TASK DIRECTIONS.
Pictures in the listing below are skipped, while the lines from the "Navy blue boots for boys by Andanines" line through the "Account Invoicing Line" line are returned word for word.

DATA FOR ANALYSIS.
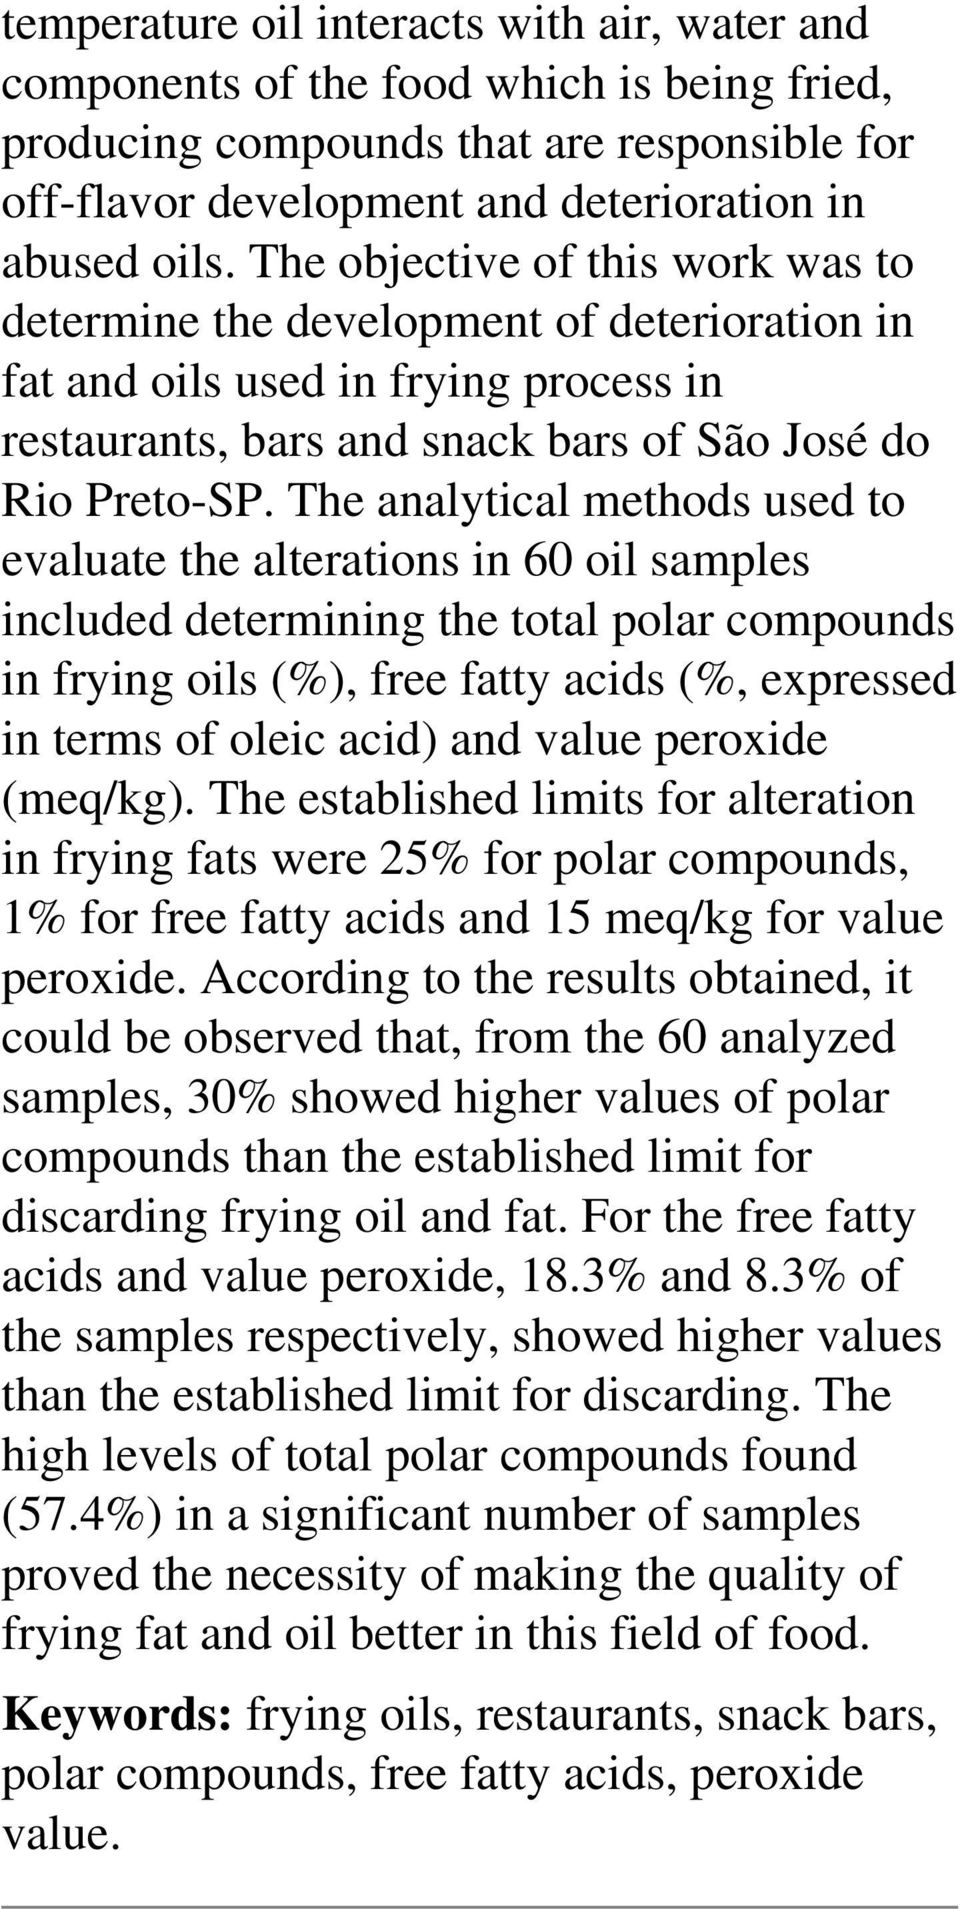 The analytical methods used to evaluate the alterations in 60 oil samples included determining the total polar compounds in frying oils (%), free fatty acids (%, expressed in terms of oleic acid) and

...

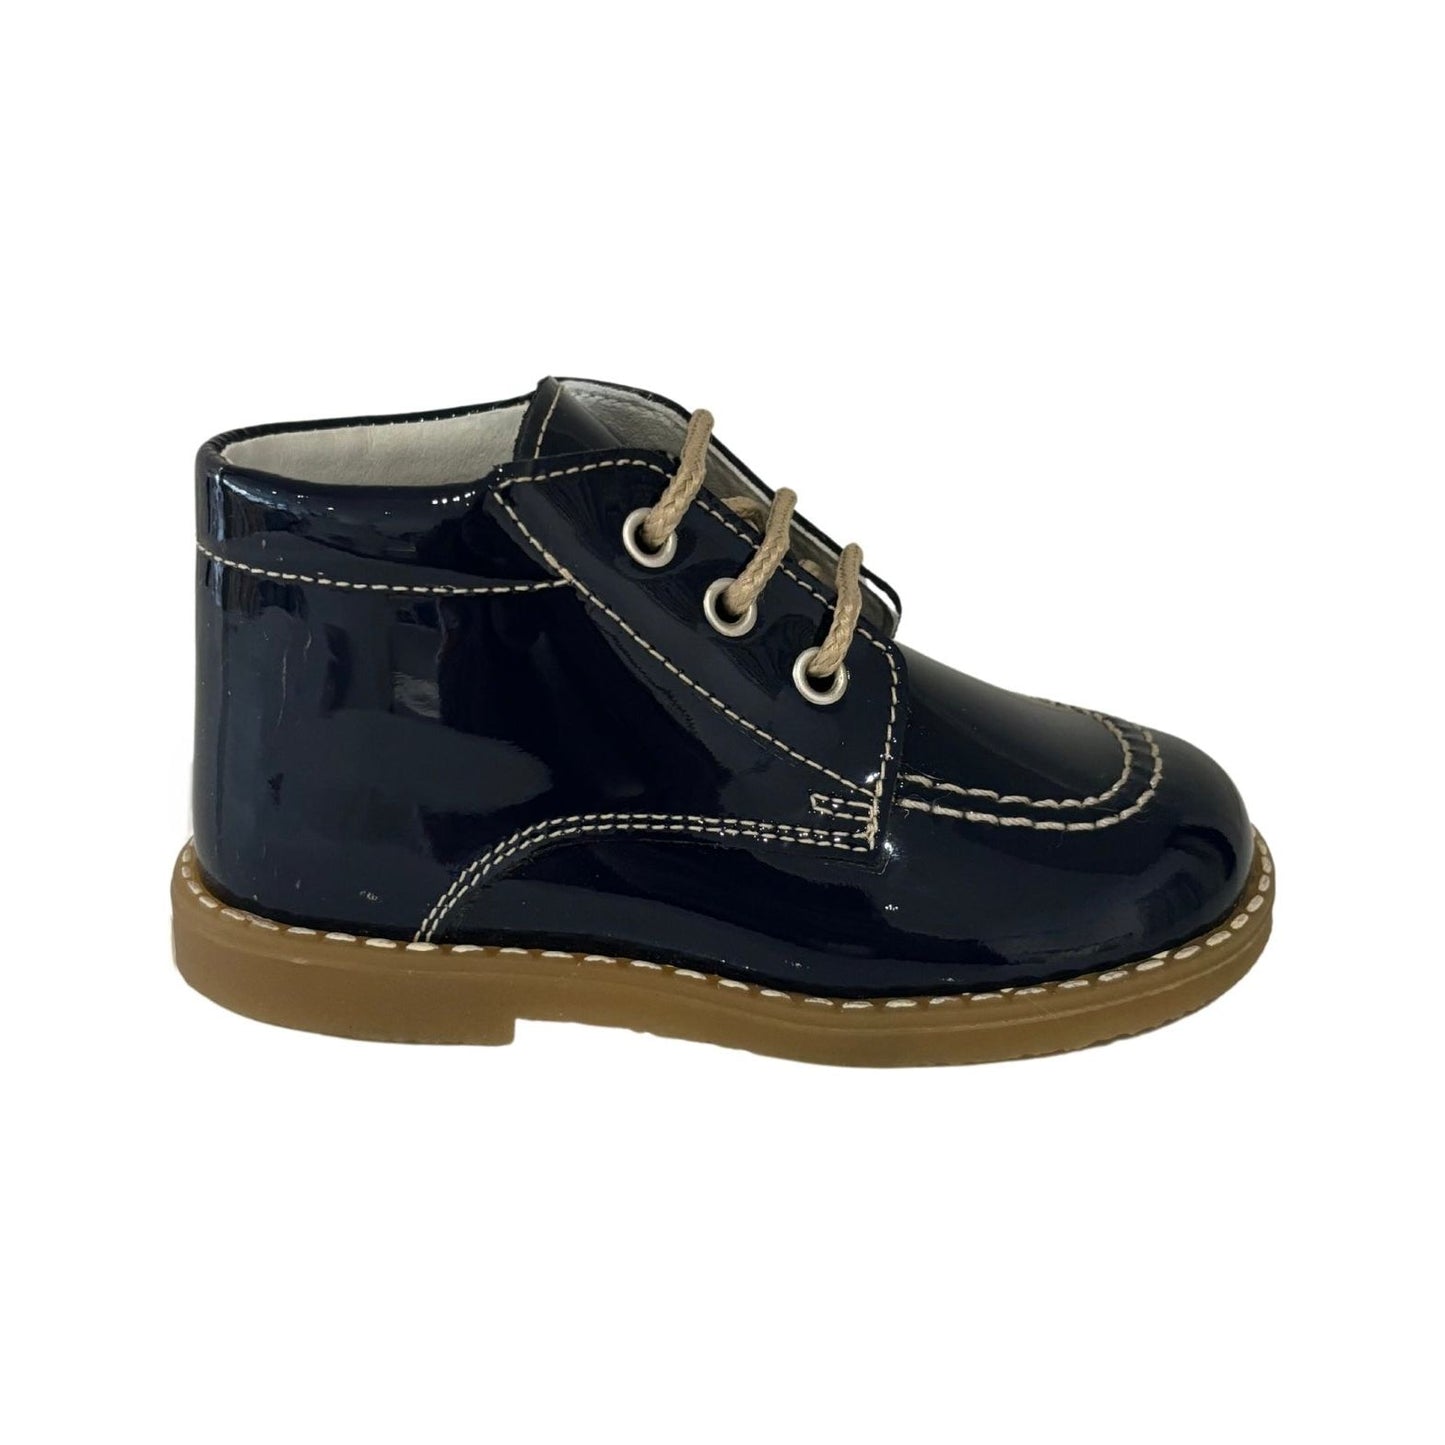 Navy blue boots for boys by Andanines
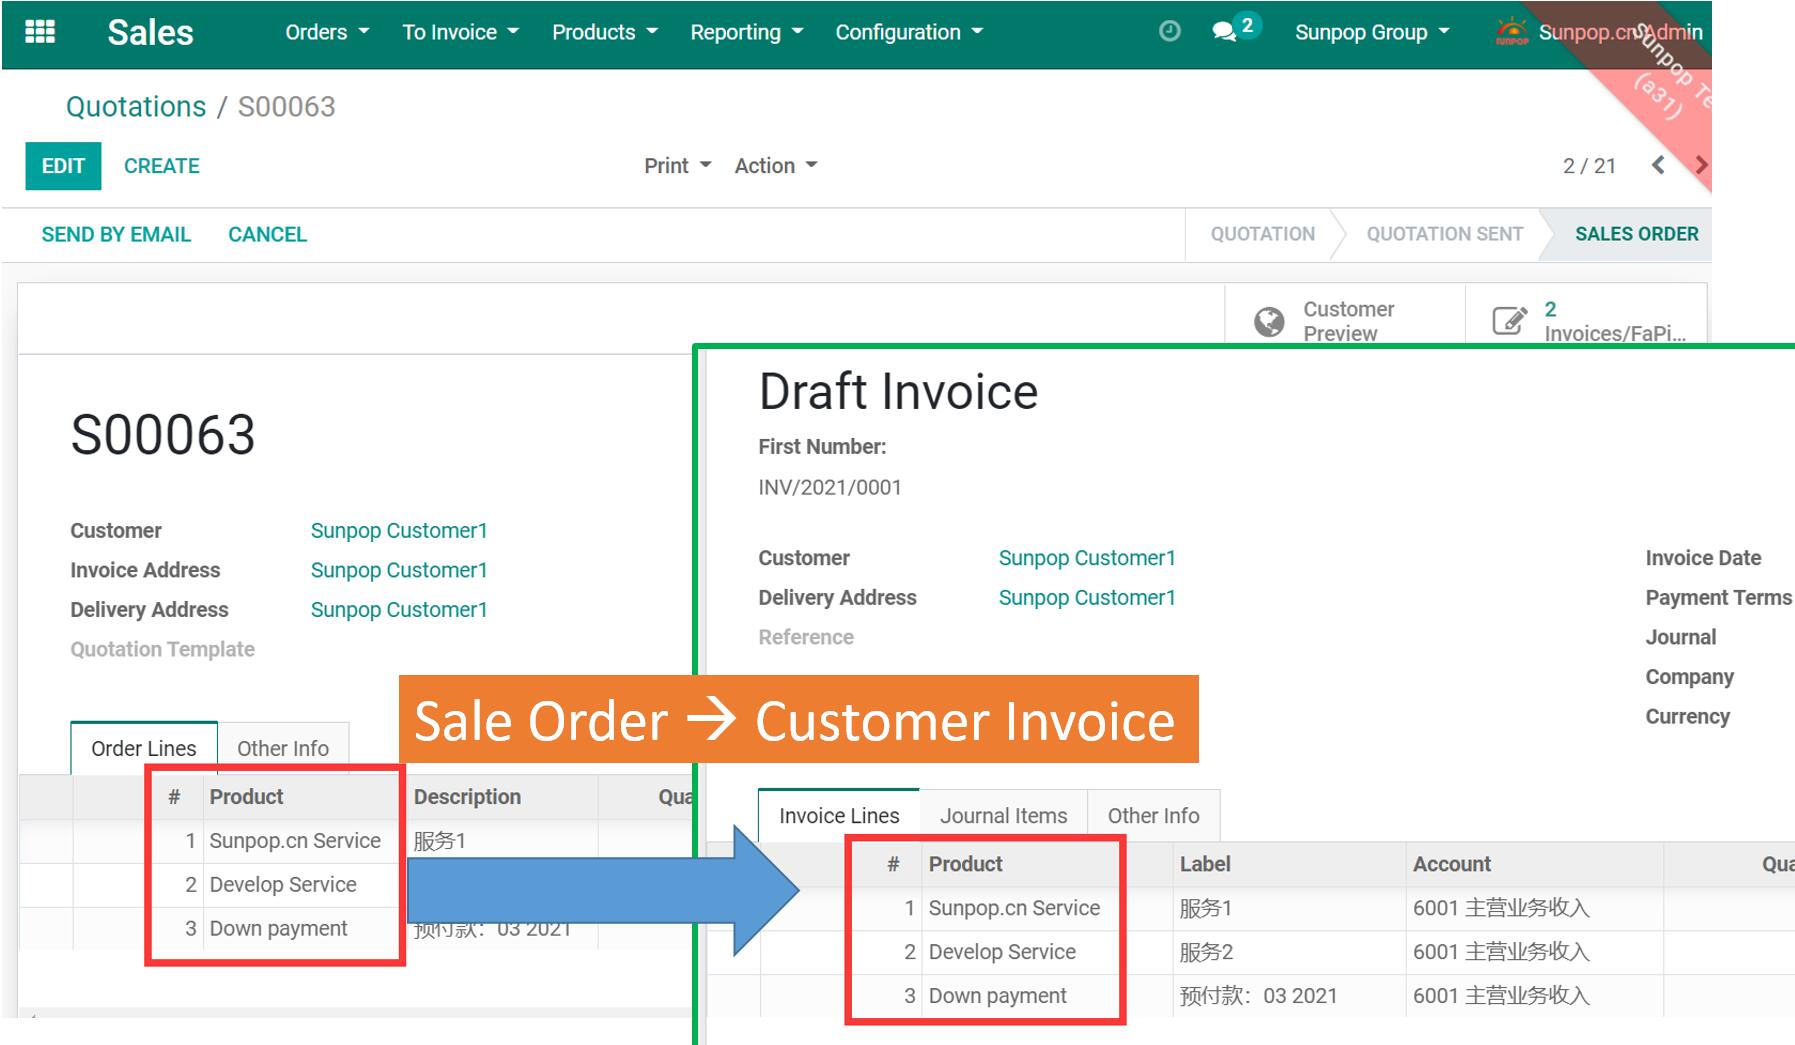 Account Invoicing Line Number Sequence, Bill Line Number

...

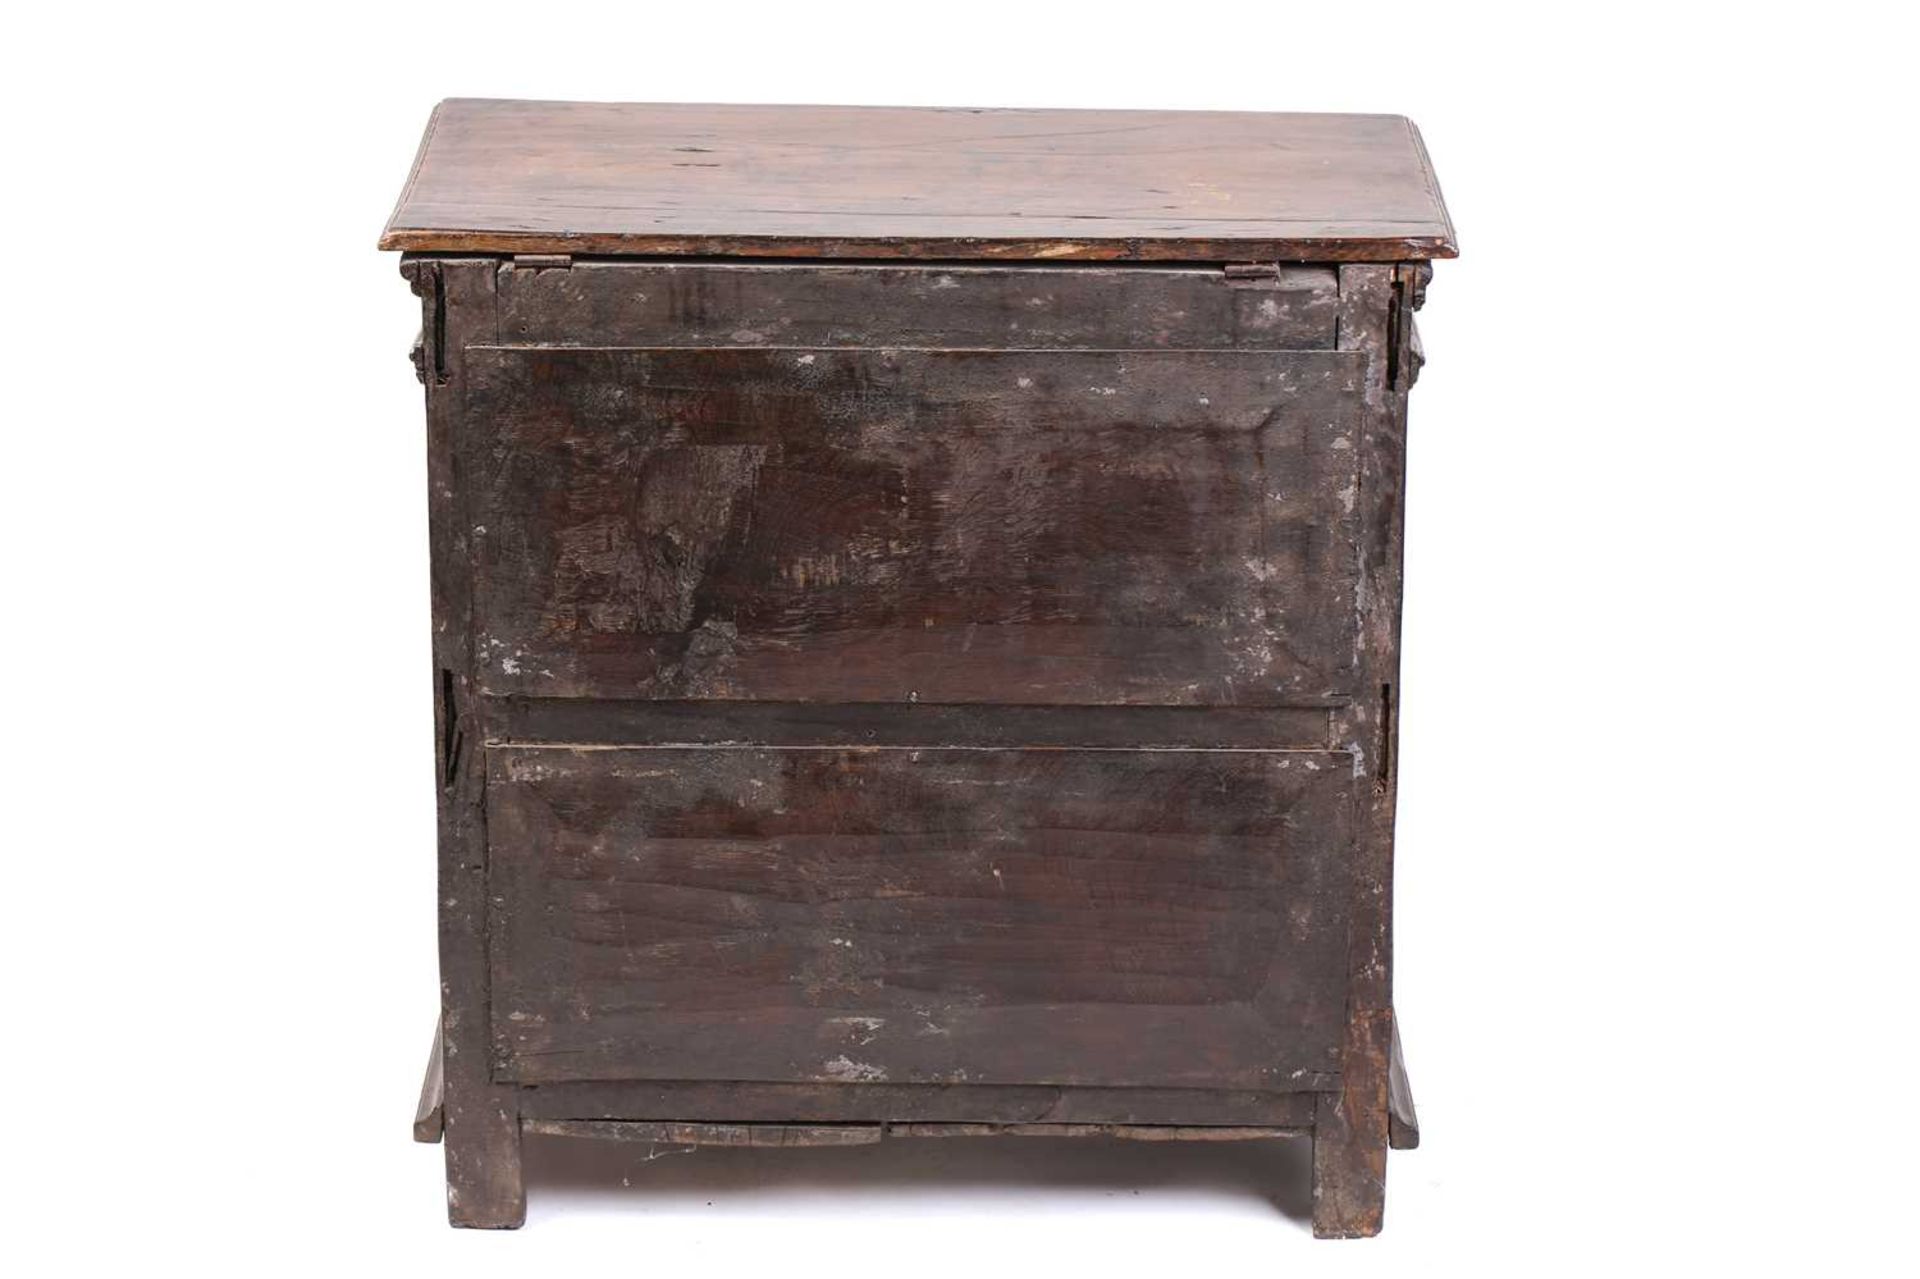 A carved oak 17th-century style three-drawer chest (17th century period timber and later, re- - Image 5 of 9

FINAL ANSWER.
 Navy blue boots for boys by Andanines
 Account Invoicing Line Number Sequence, Bill Line Number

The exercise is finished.